* _Given material_
--- START ---
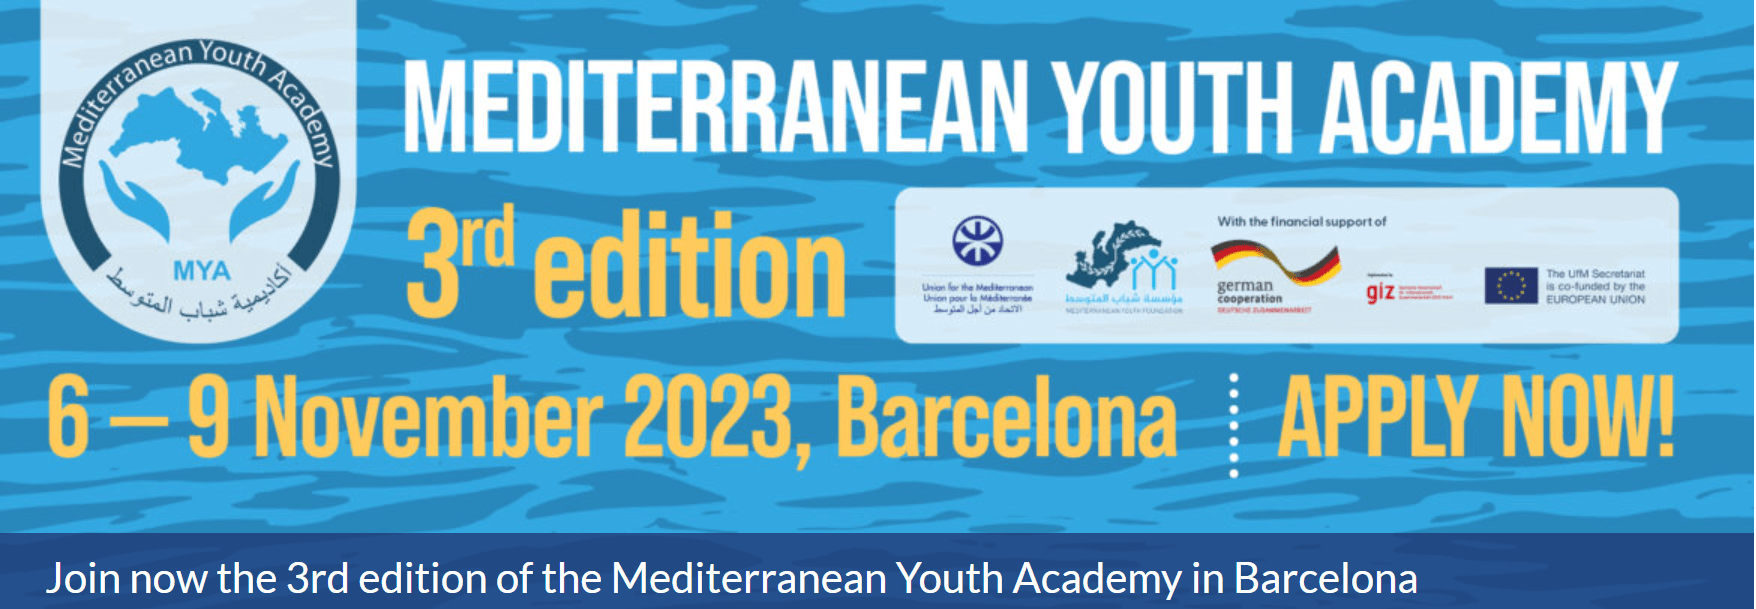 Mediterranean Youth Academy
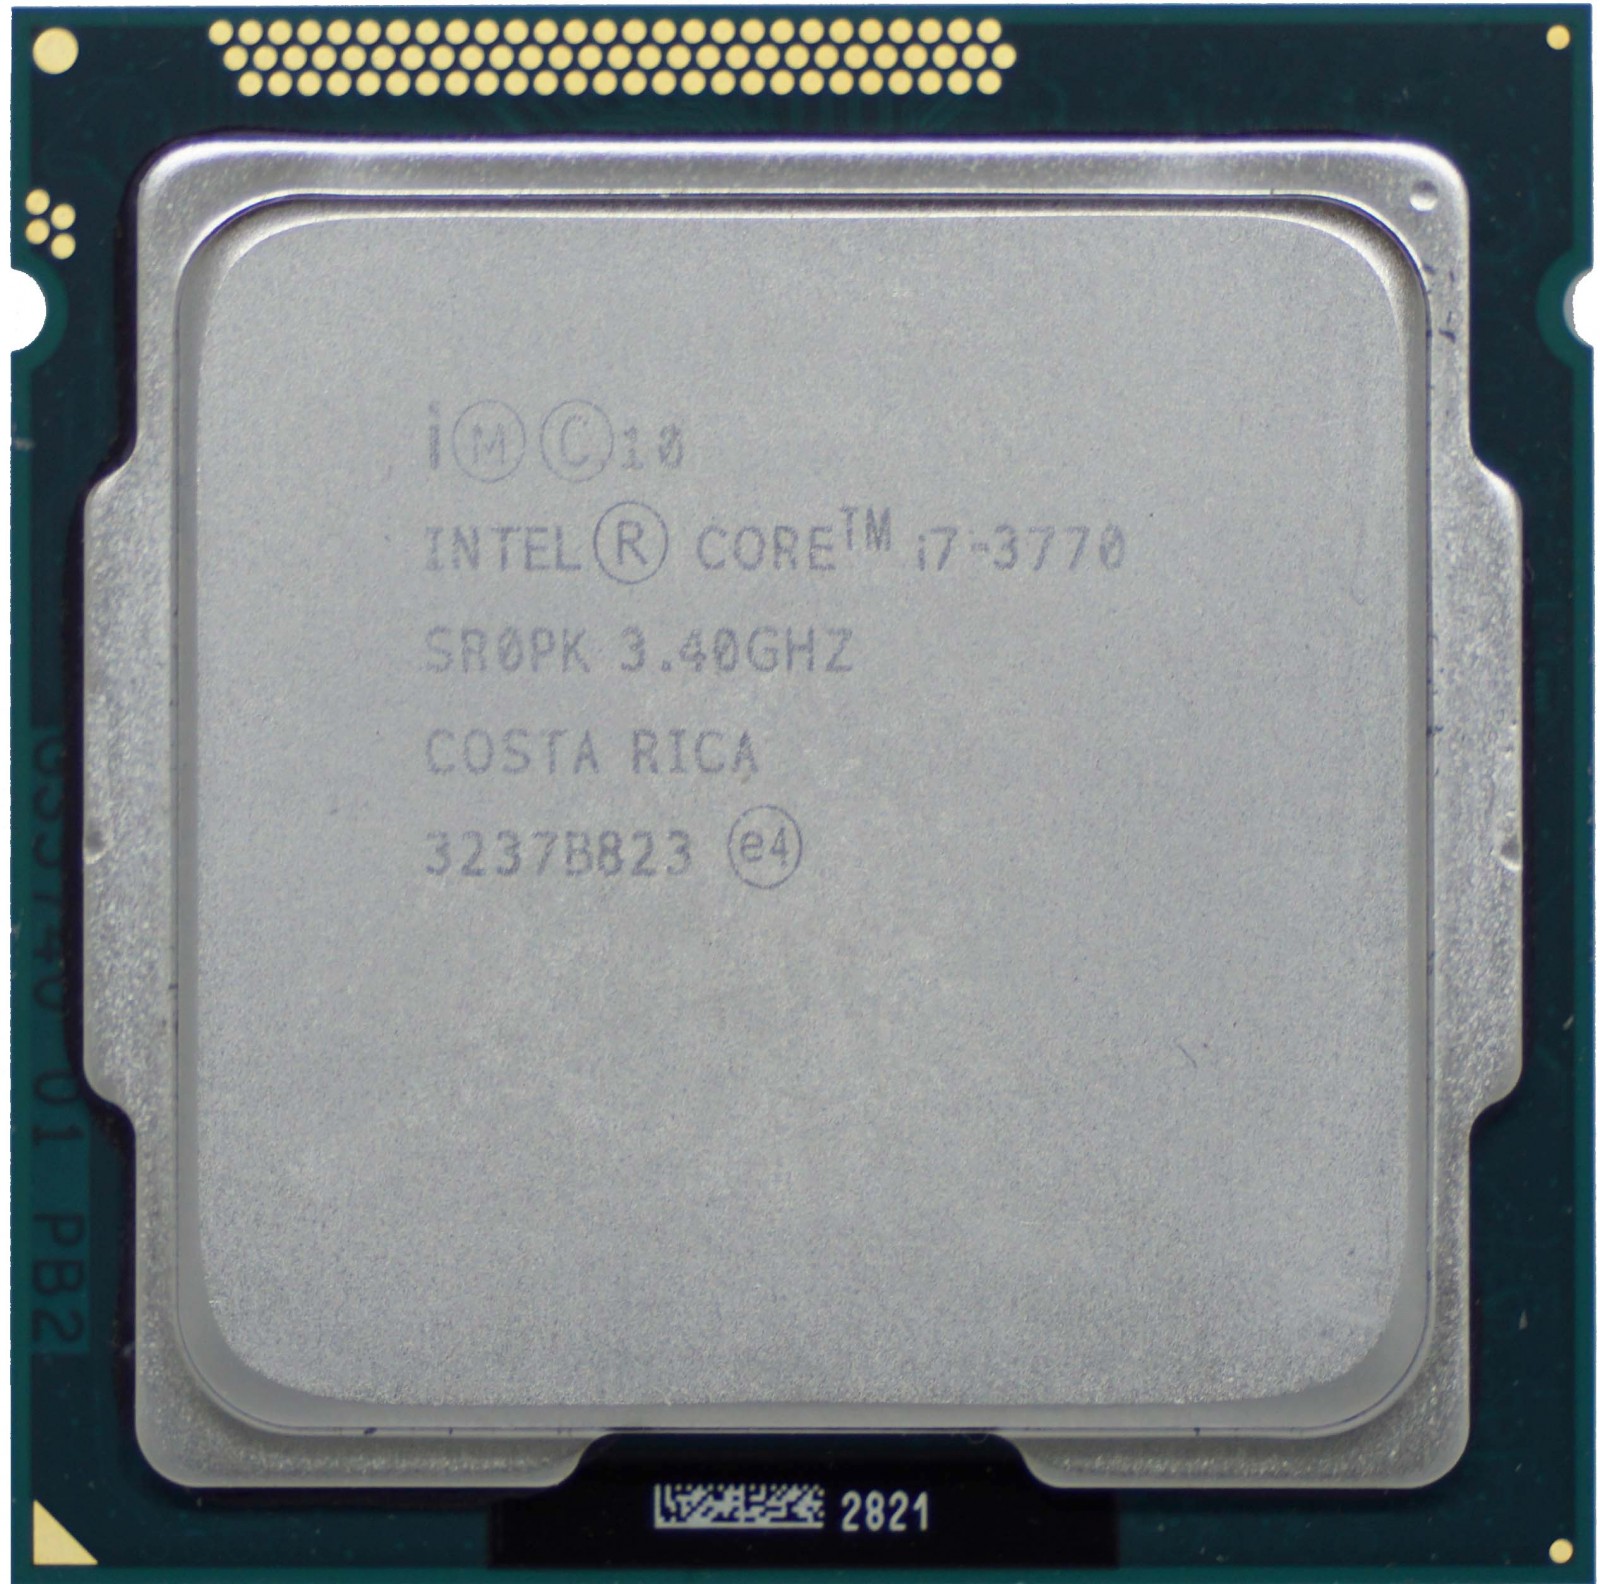 スマホ/家電/カメラcore i7 3770 CPU (3個) - PCパーツ
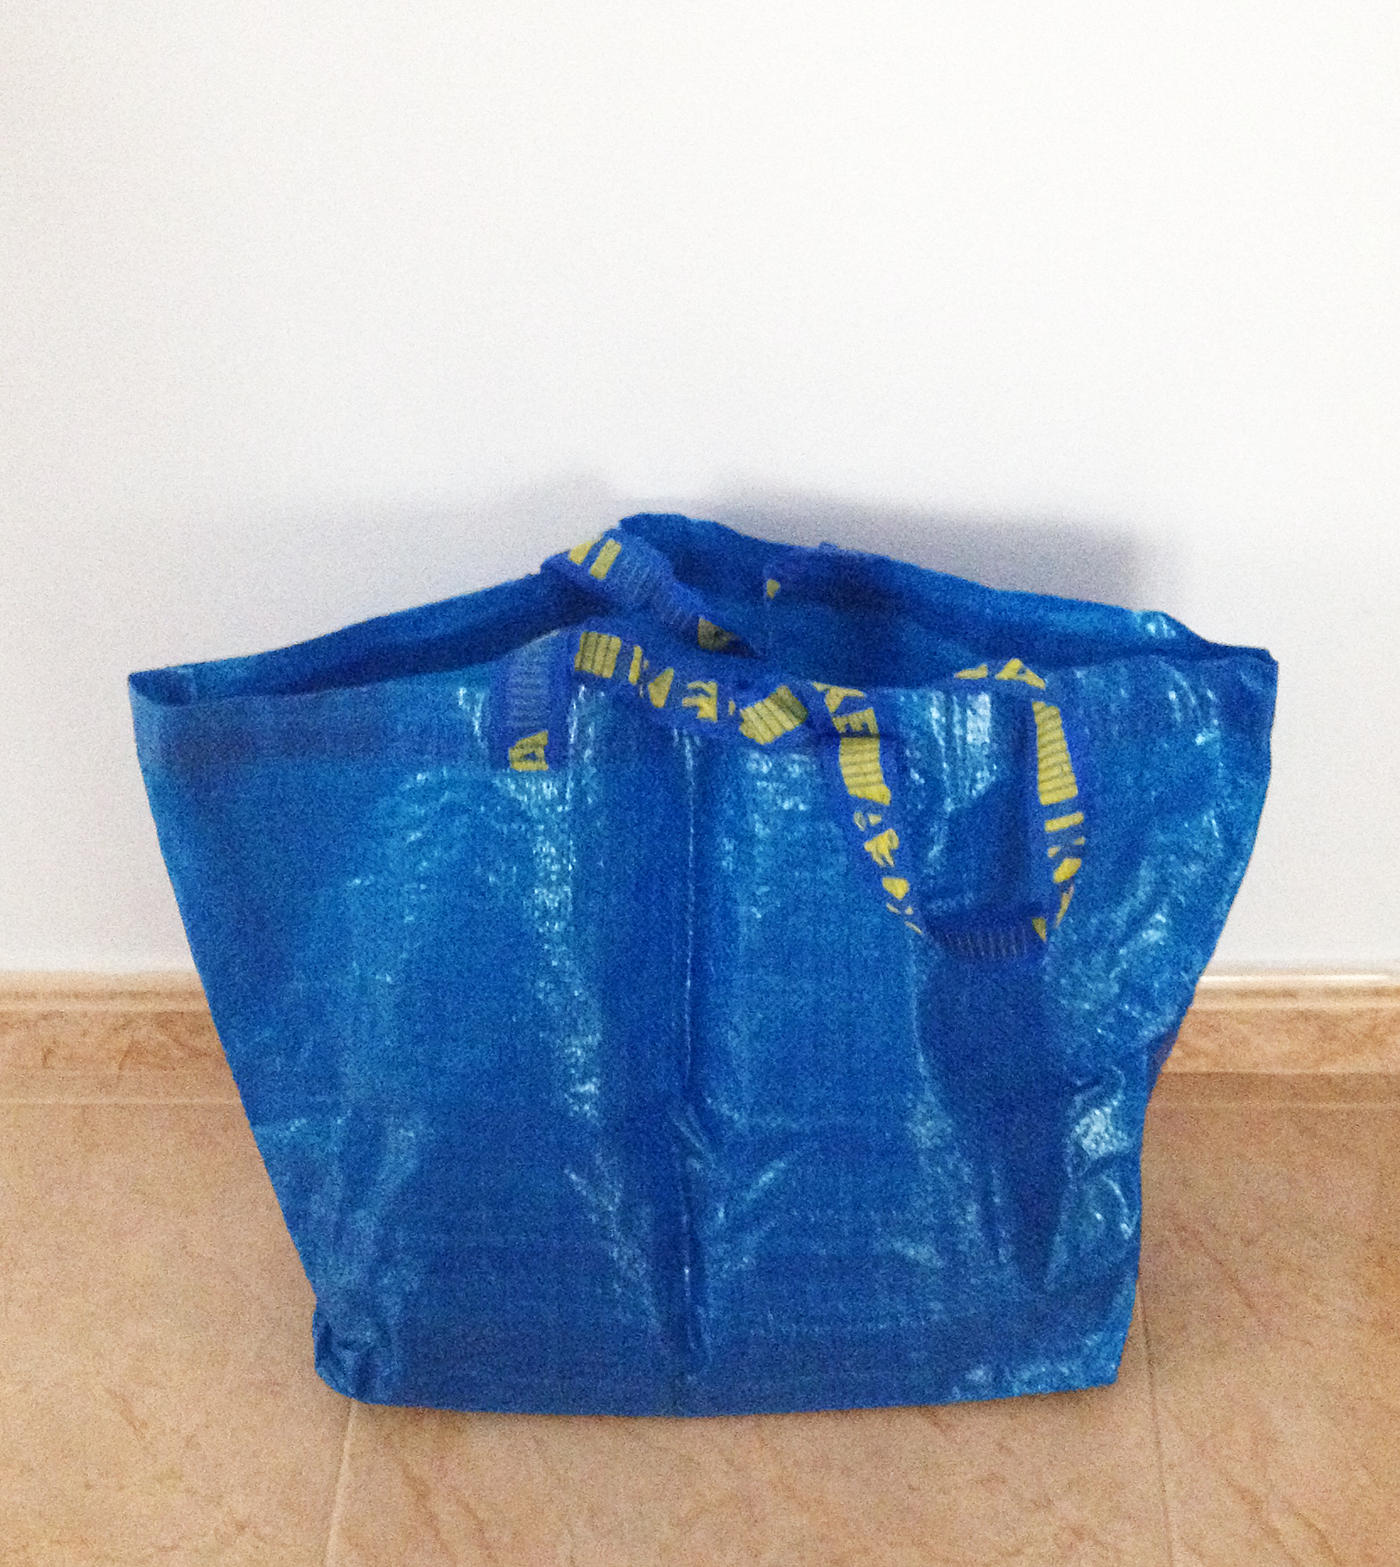 La bolsa azul de Ikea, el cesto de la Birkin y la malla de la compra de mi  abuela. | by Raquel Martín de Almagro | El Cuarteto de Alejandria | Medium
--- END ---
* _Task to carry out_
Drop the images and copy all the data exactly.

* _Result of the exercise_
 Mediterranean Youth Academy
 スマホ/家電/カメラcore i7 3770 CPU (3個) - PCパーツ
 La bolsa azul de Ikea, el cesto de la Birkin y la malla de la compra de mi  abuela. | by Raquel Martín de Almagro | El Cuarteto de Alejandria | Medium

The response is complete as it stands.